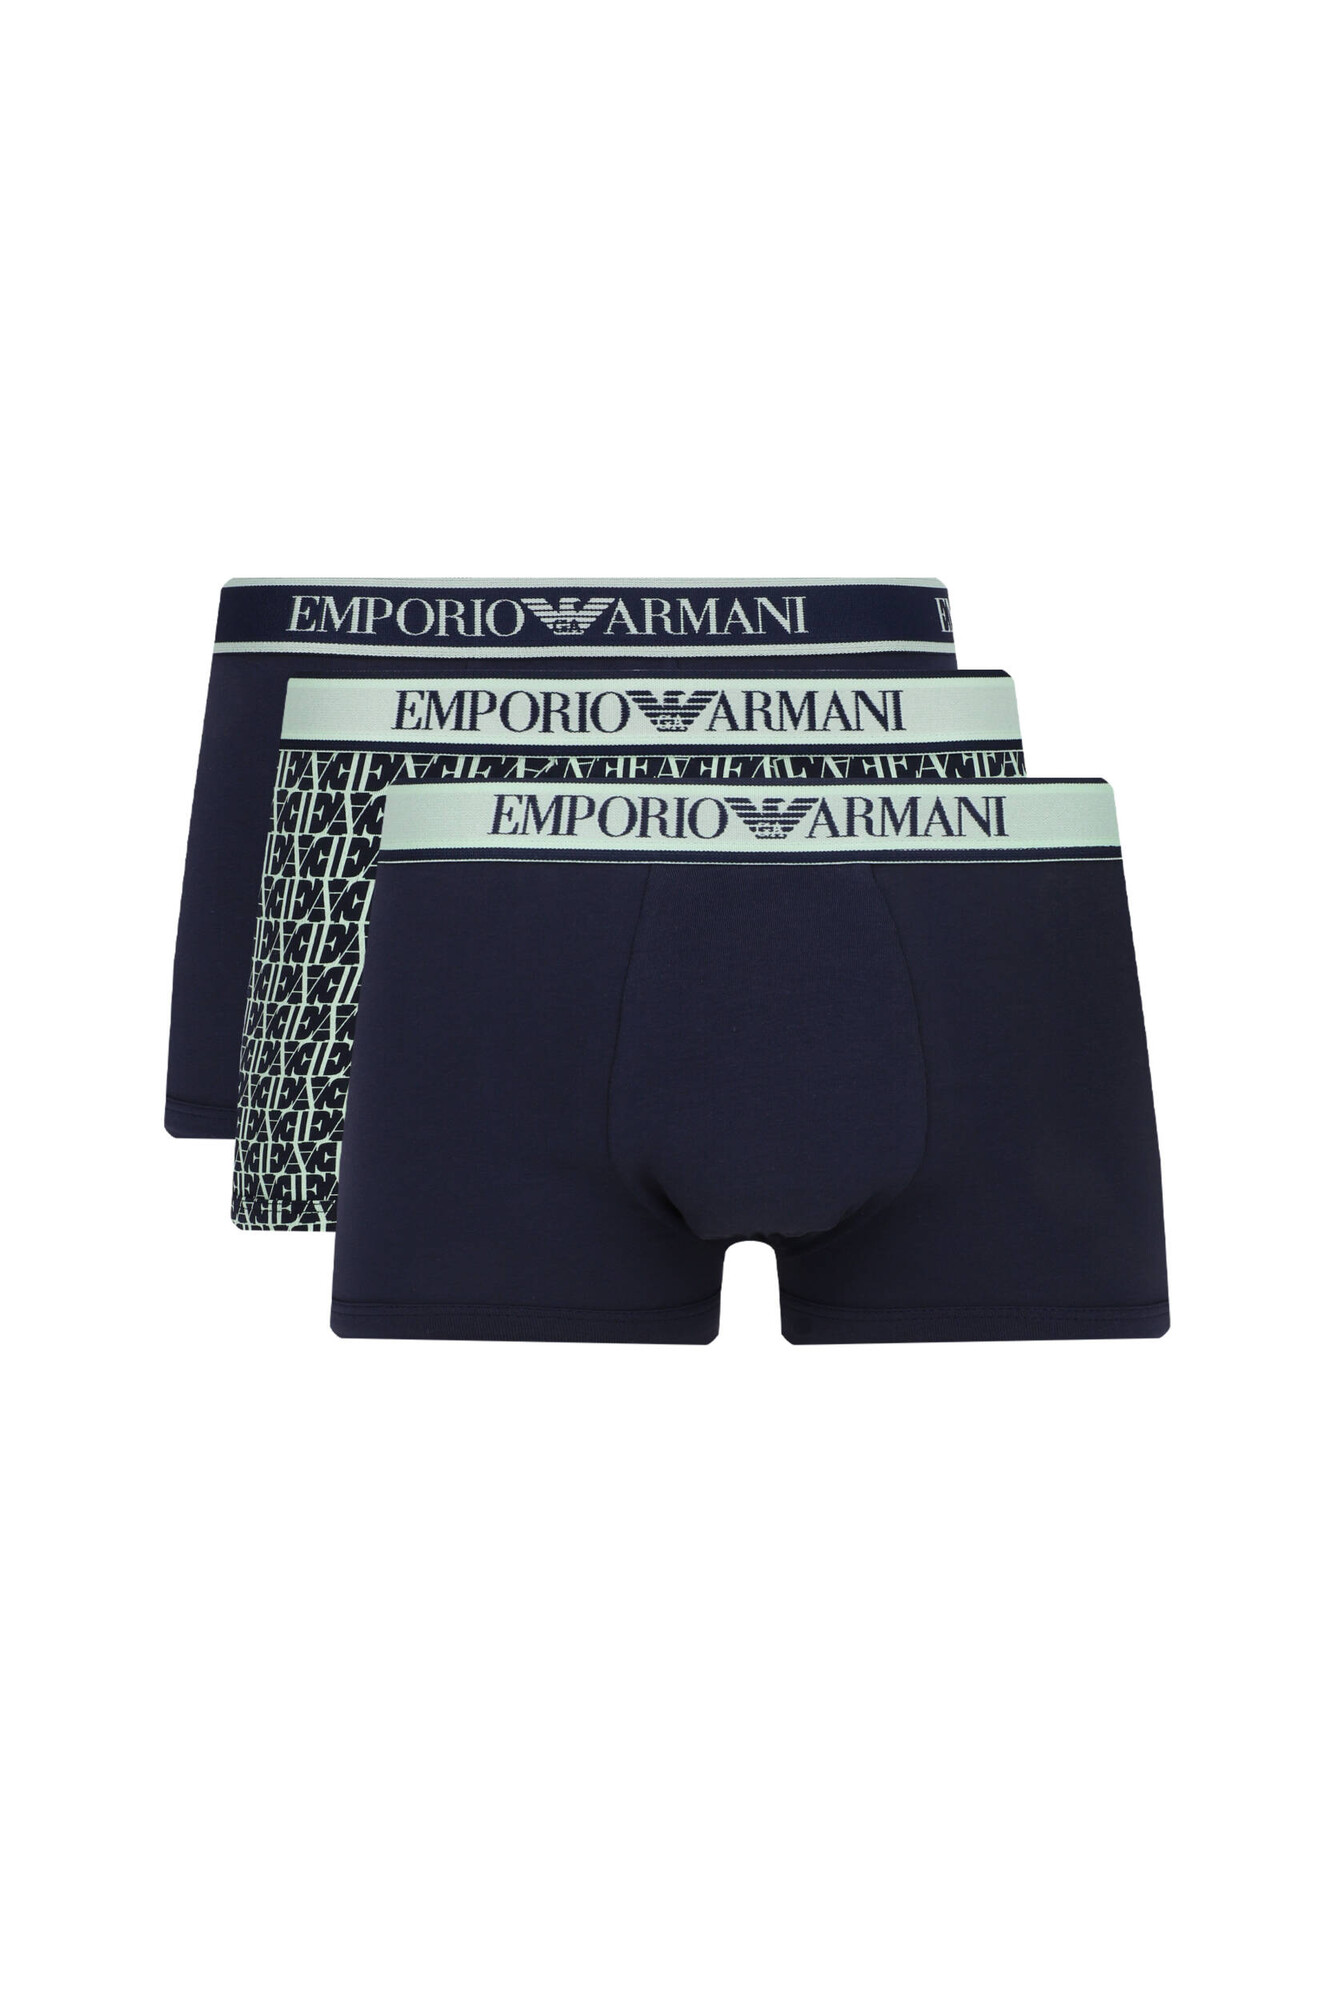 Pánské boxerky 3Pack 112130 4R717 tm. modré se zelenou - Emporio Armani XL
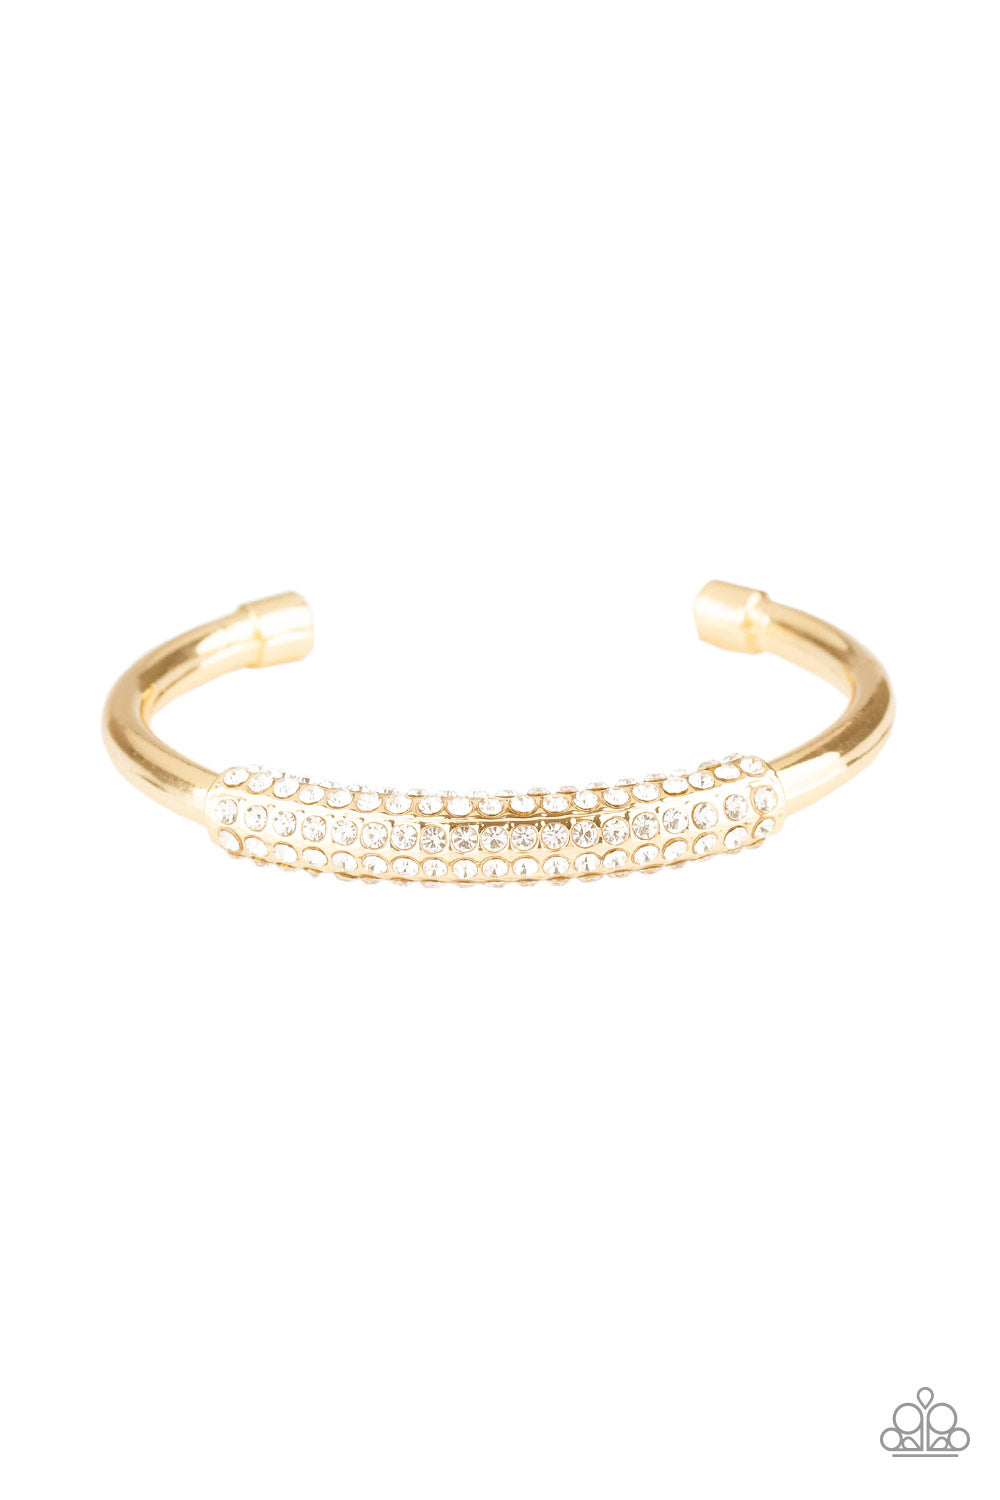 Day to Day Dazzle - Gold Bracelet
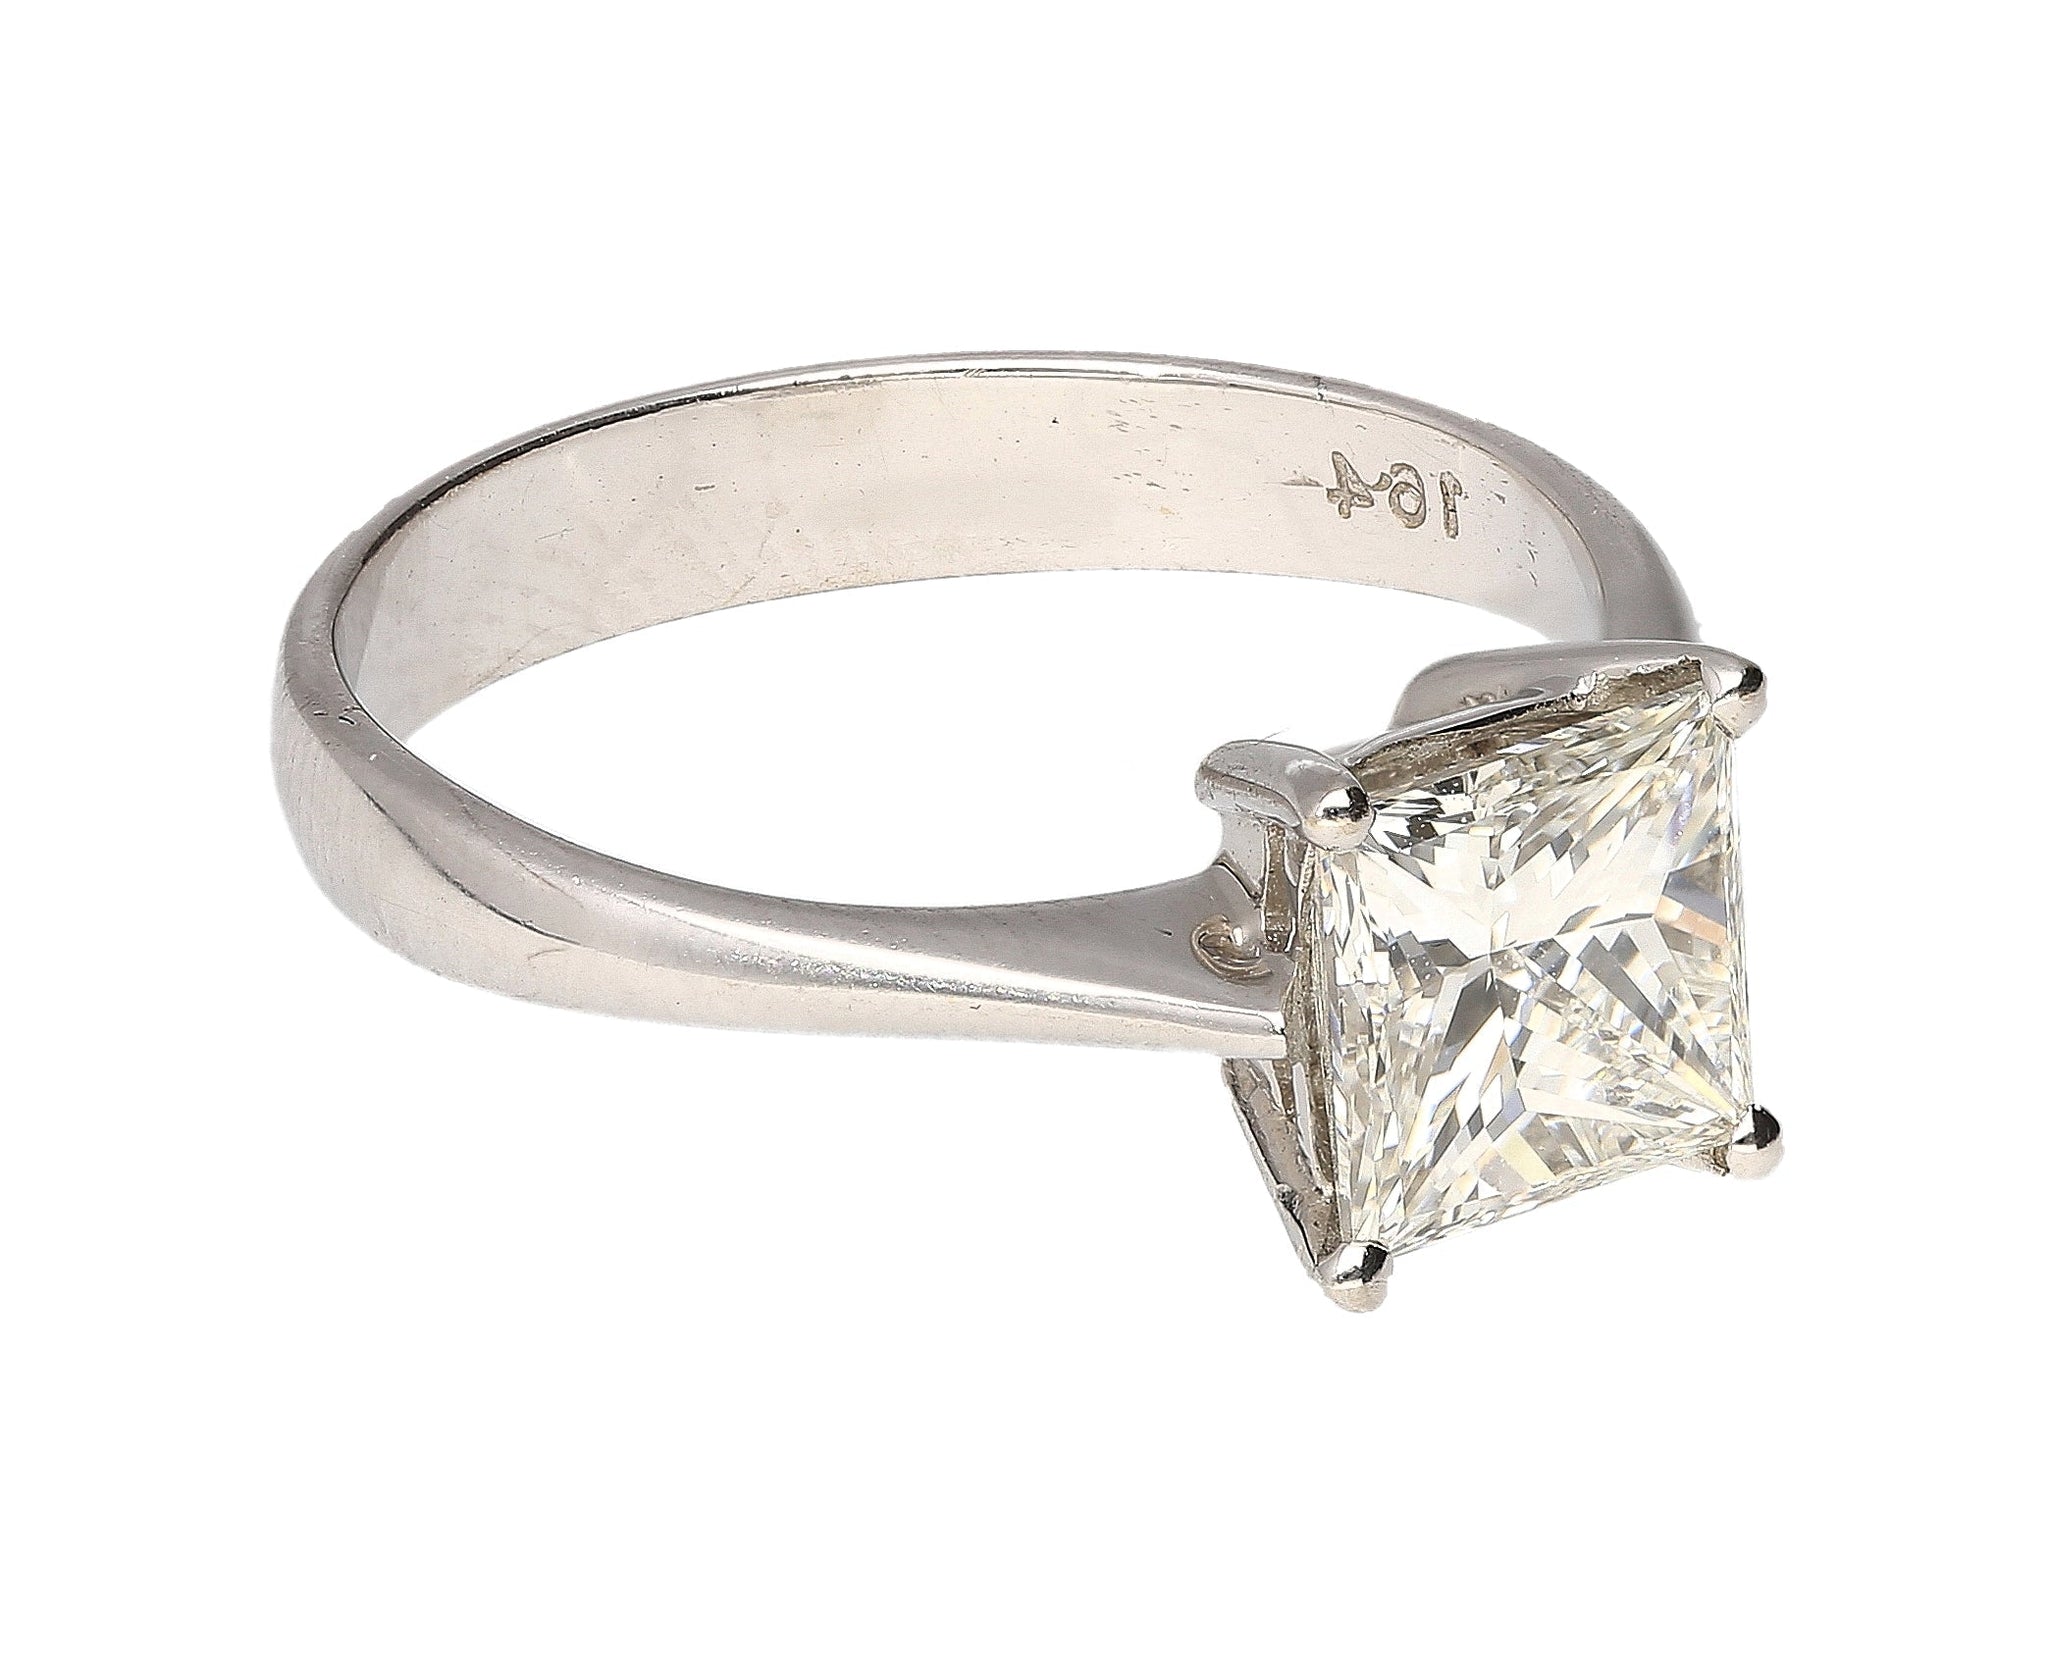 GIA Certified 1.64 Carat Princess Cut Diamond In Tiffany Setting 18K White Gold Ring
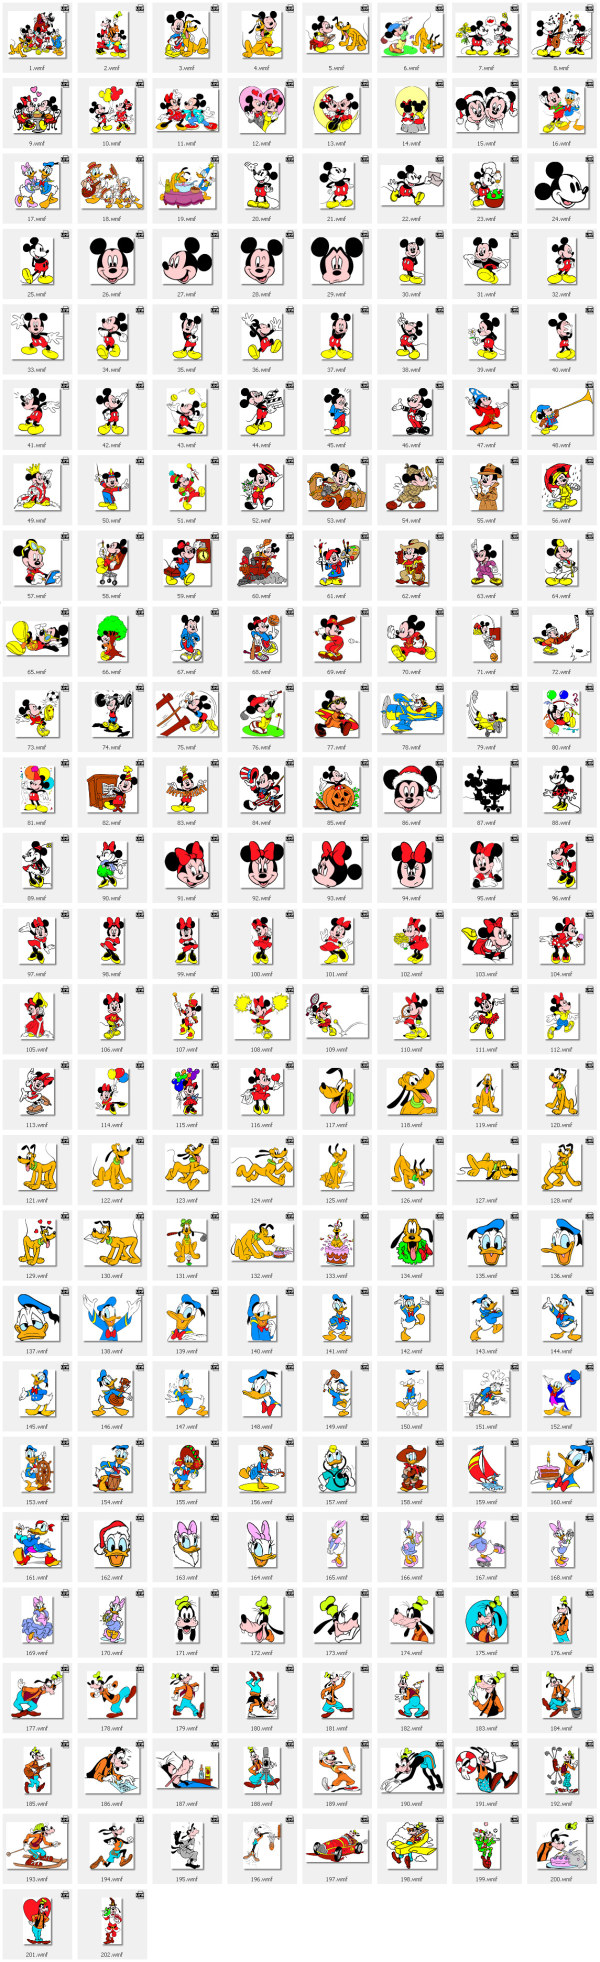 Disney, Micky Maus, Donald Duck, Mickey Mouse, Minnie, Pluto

EXERCISE DETAILS
Word for word, copy every line of the data, excluding any pictures.

SOLUTION BELOW
 Pánské boxerky 3Pack 112130 4R717 tm. modré se zelenou - Emporio Armani XL
 Day to Day Dazzle - Gold Bracelet
 GIA Certified 1.64 Carat Princess Cut Diamond In Tiffany Setting 18K White Gold Ring
 Disney, Micky Maus, Donald Duck, Mickey Mouse, Minnie, Pluto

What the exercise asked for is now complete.